John Holt Duncan (July 7, 1820 – May 27, 1896) was one a founder of Beta Theta Pi, a prominent college fraternity founded at Miami University in 1839 and was its first president. He made a career as a lawyer and judge in Houston and Bexar County, Texas.

==Early life==
Duncan was born in Cynthiana, Kentucky to John Hicks Duncan and Pauline Randolph Holt. He grew up in Mississippi. He attended Miami University where he studied law and graduated with an A.B and M.A. in 1840. While there, he was one of eight founders of Beta Theta Pi fraternity and served as its first president.

== Career ==
After college, he was admitted to the bar. He moved to Houston, Texas where he practiced law. He became Chief Justice of Bexar County, Texas from 1857 to 1862.
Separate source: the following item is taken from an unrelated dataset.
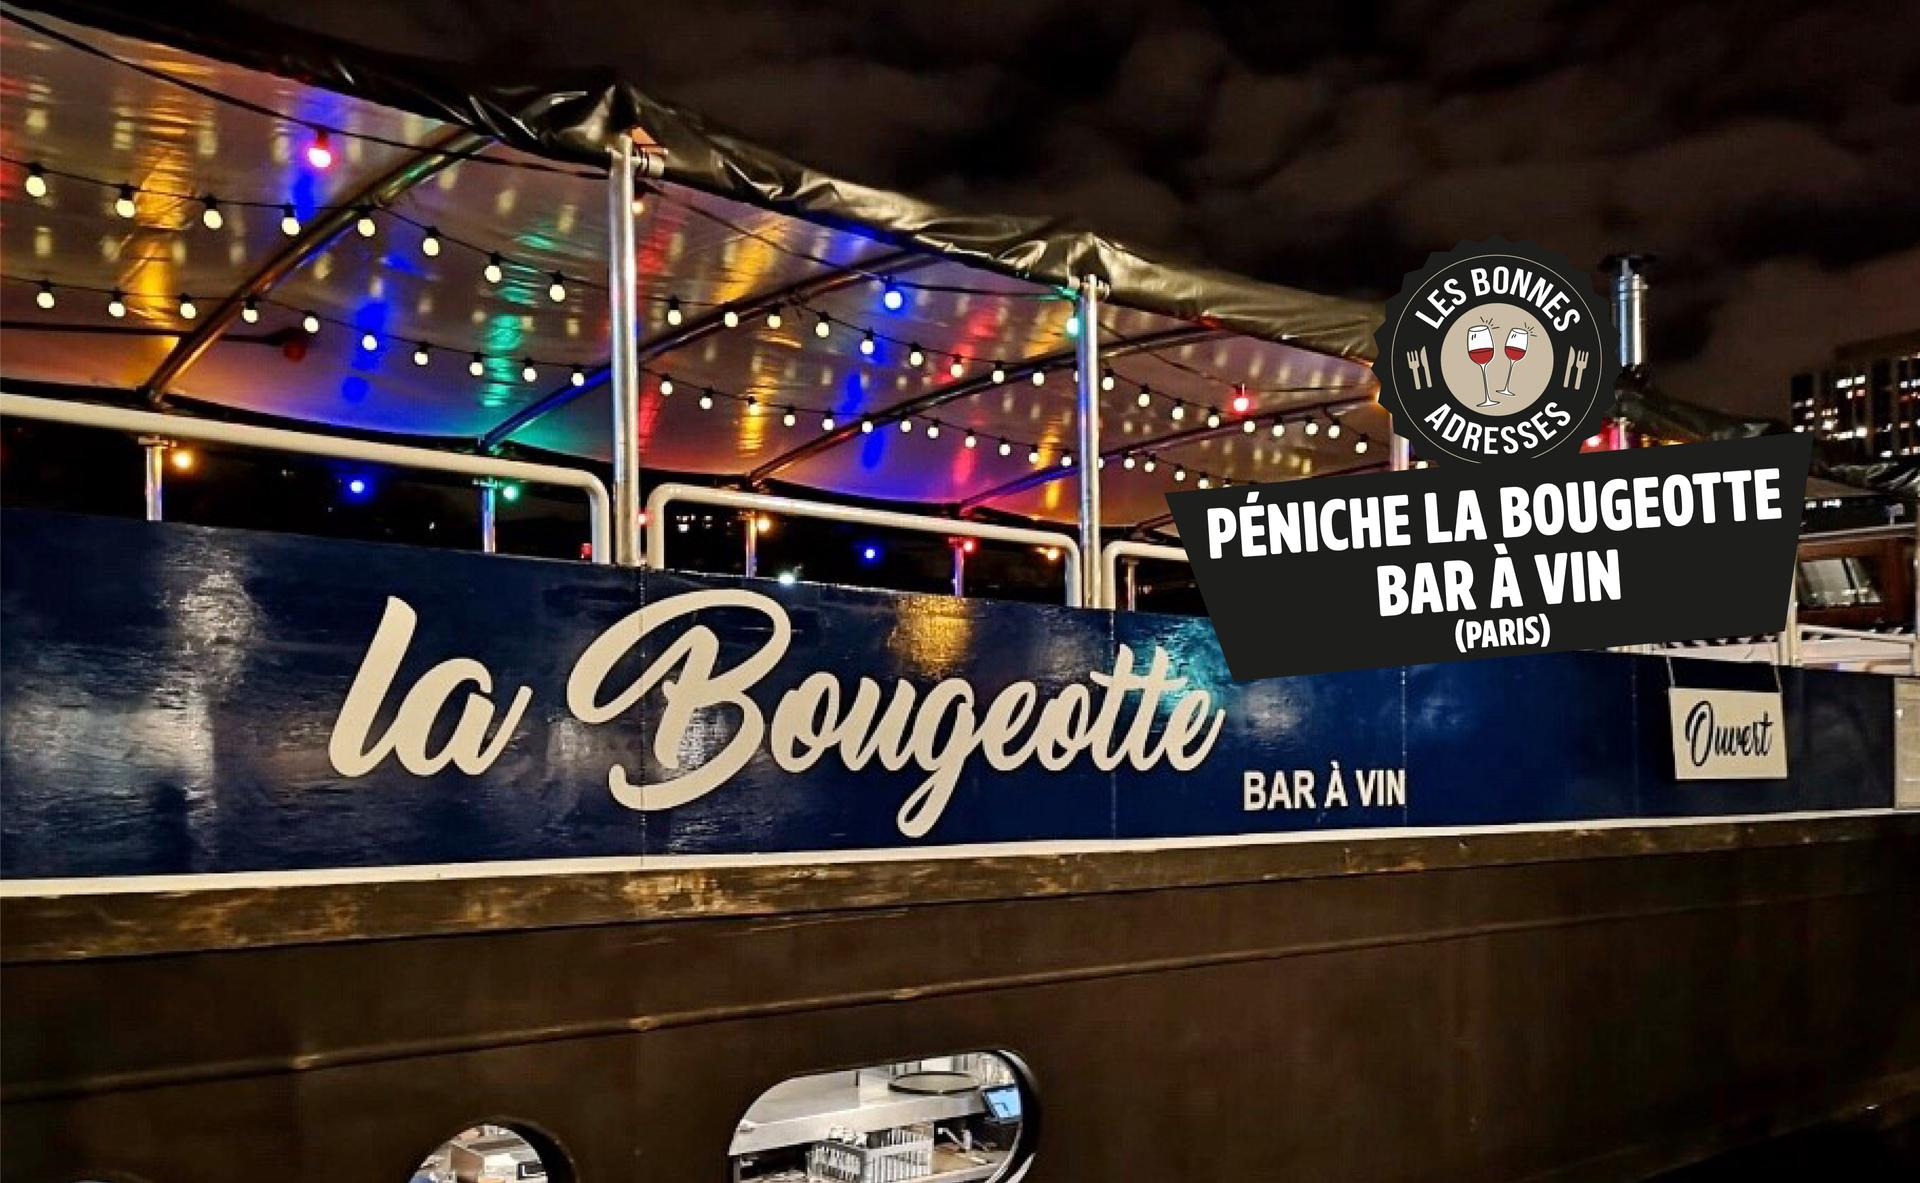 La Bougeotte, une péniche bar à vin entre Paris et Dijon

Duncan served as a Confederate Artillery Captain in the 31st Texas Cavalry during the Civil War. He lost a leg as a result of a battle wound on September 20, 1862, at the First Battle of Newtonia. When the Confederates retreated, the still-recovering Duncan was taken in by farmer and his wife. When he was discovered by the Union troops, the soldiers executed the farmer for aiding the enemy. The farmer's widow and children begged for Duncan's life, saving the injured man's life. They nursed him back to health and, then, helped get him back to the Confederates, some 200 miles south through enemy territory. Duncan spent the rest of his life caring for the family and educating the children; he died penniless as a result.

After the war, Duncan returned to Texas. He was a district justice from 1864 to 1865 and a city attorney for Houston from 1877 to 1879.

== Personal life ==
He died in the Confederate Old Soldier's Home in Austin, Texas in 1896 and was buried in the Confederate Veterans section of the Texas State Cemetery. Duncan's prosthetic leg is on display at the national headquarters of Beta Theta Pi at Oxford, Ohio.